5 呼び出し
タモツは彼女が教室から出て行くや否や、
机に突っ伏す。
残りの休み時間はずっとそのままだった。
テストになったら顔を挙げて、
いつものような面倒そうな表情で受けていたから、
きっと寝て機嫌がよくなったのだろうと思ったが・・・。
・・・どうやら違ったようだ。
テストが終わってすぐのことだった。
「メガネ、ちょっと面貸せ。」
・・・兄さん、その眼は何人か殺っているやつの眼ですぜ・・・。
いつもならこんな冗談で茶化すところだが・・・(まあ、内心では茶化しているが・・・。)
俺がそれを(表に出すのは)控えるほどに、
・・・タモツの機嫌は最悪だった。
見たことないほどの怒気を秘めた瞳で見つめられた。
家に潜んだ怒気が隠し切れないような声で声を掛けられた。
・・・内心でもおふざけはやめよう。

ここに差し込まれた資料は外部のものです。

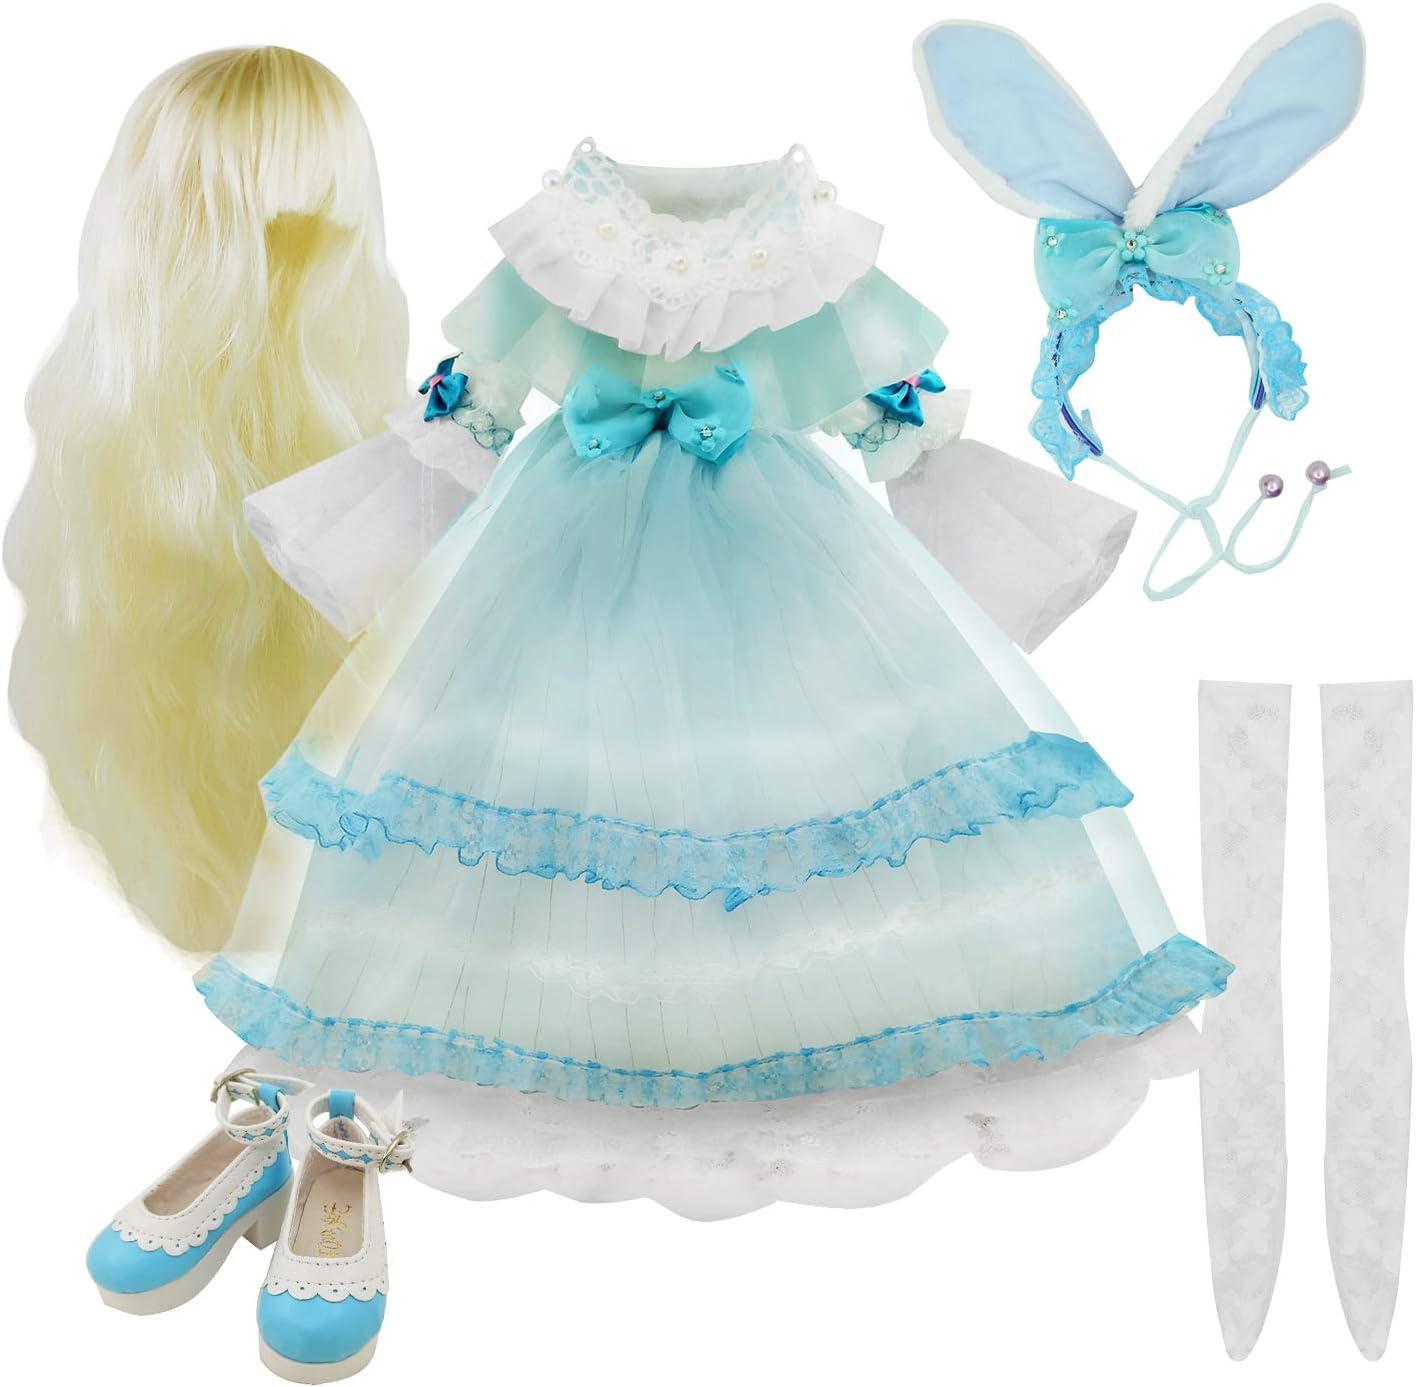 EVA BJD Dolls' Skirt Wig Shoes Socks Accessories Full Set for 20-23inch 1/3 60cm BJD Doll (Rona)

かまを掛けられたらヤバイ。
要するに蛇に睨まれた蛙状態だ。
・・・返事は当然、決まっていた。
「はいっ!!お供しますっ!!」
こう答えるほかなかった。
まったくテストが終わったら何をしようという幸せな未来設計もどこへと飛んで行ってしまった。
そして、俺は屋上に連れて行かれた。
着くや否や、
彼は話し始めた。
「はずは話を聞け・・・。」
どうやら俺の予想は正しかったようだ。
あのおじさん?再婚したのか。
ずっとあのままだと思ってた。
まあ、男と女いろいろあるってことか?
その結果、彼はかの有名な才女の兄という存在にクラスアップしたらしい。
・・・まあ、能力ゲージなんかに変動はなさそうだが。
クラスアップボーナスのおかげか、体重をいうステータスに変化はあったみたいだけど。
さらに言うならば、
さらにボーナスがあって介護をされるようになった・・・と・・・。
それもこの2ヵ月ずっと。
可愛い子にそんなことしてもらうなんて羨ましいぞ、このこのっ!!
中々に余裕が出てきた。
ここまでふざけた発想ができる程度には。
この怒気になれてきた俺は茶化すように振ってみる。
「なるほど・・・。
これでもう貴様には用がないと・・・
もしかしてだけど、これって突き落とされるやつ~?」
「・・・は?」
彼は呆けたように口を開く。
けれども、すぐさま言葉の内容を理解したらしく、
・・・少しばかり・・・いや、明らかに怒気が膨れ上がった気がした。
・・・ひえぇぇぇっ!!こ、これマジっ!マジのやつっ!!
う、後ろに何か見える・・・鬼・・・悪鬼羅刹?
俺は思わず後ずさる。
・・・下がりすぎてしまった。
後ろはもうフェンスっ!!
男は近寄ってくる。
「く、来るなっ!!」
けれども、男は止まらない。
少しずつ、一歩ずつ一歩ずつこちらに歩みを進める。
その歩みがやたらと長く感じる。
・・・もしかして走馬灯の前段階っ!?
いや、いや・・・「いやん・・・。」
思わず声に出してしまった。
恐る恐る恐怖の大王を見る。
すると呆れたような顔でこちらを見つめるタモツがいた。
大きく溜め息を吐いていた。
「・・・望むならな。」
ほれ、といわんばかりに肩を軽く押す。
ふざけるのはそこまでにしておけ・・・ってことかな?
「まあ、お前なんぞを突き落としても俺に得るものなんぞない。
得るとすれば、ただの犯罪者の汚名だけだ。」
・・・相変わらず口が悪いな。
まあでも、声のトーンはいつものそれに戻ったし、
朝の瘴気?も羅刹もいなくなったみたいだし、
俺・・・命がけのファインプレー?
メガネのおかげか、
すこしばかり追い詰められた気持ちが軽くなった。
・・・でもまあ、それでも少しばかり。
この2ヵ月の溜まりに溜まったものはそうそうなくならない。
元を絶たねば、
元の木阿弥だ。
こいつにアイデアをもらうのは癪だが、
何か奇想天外なことを思いつくかもしれんしな。
「なあ、メガネ、俺はどうすればいいと思う?」
そう親友(仮)に問いかけた。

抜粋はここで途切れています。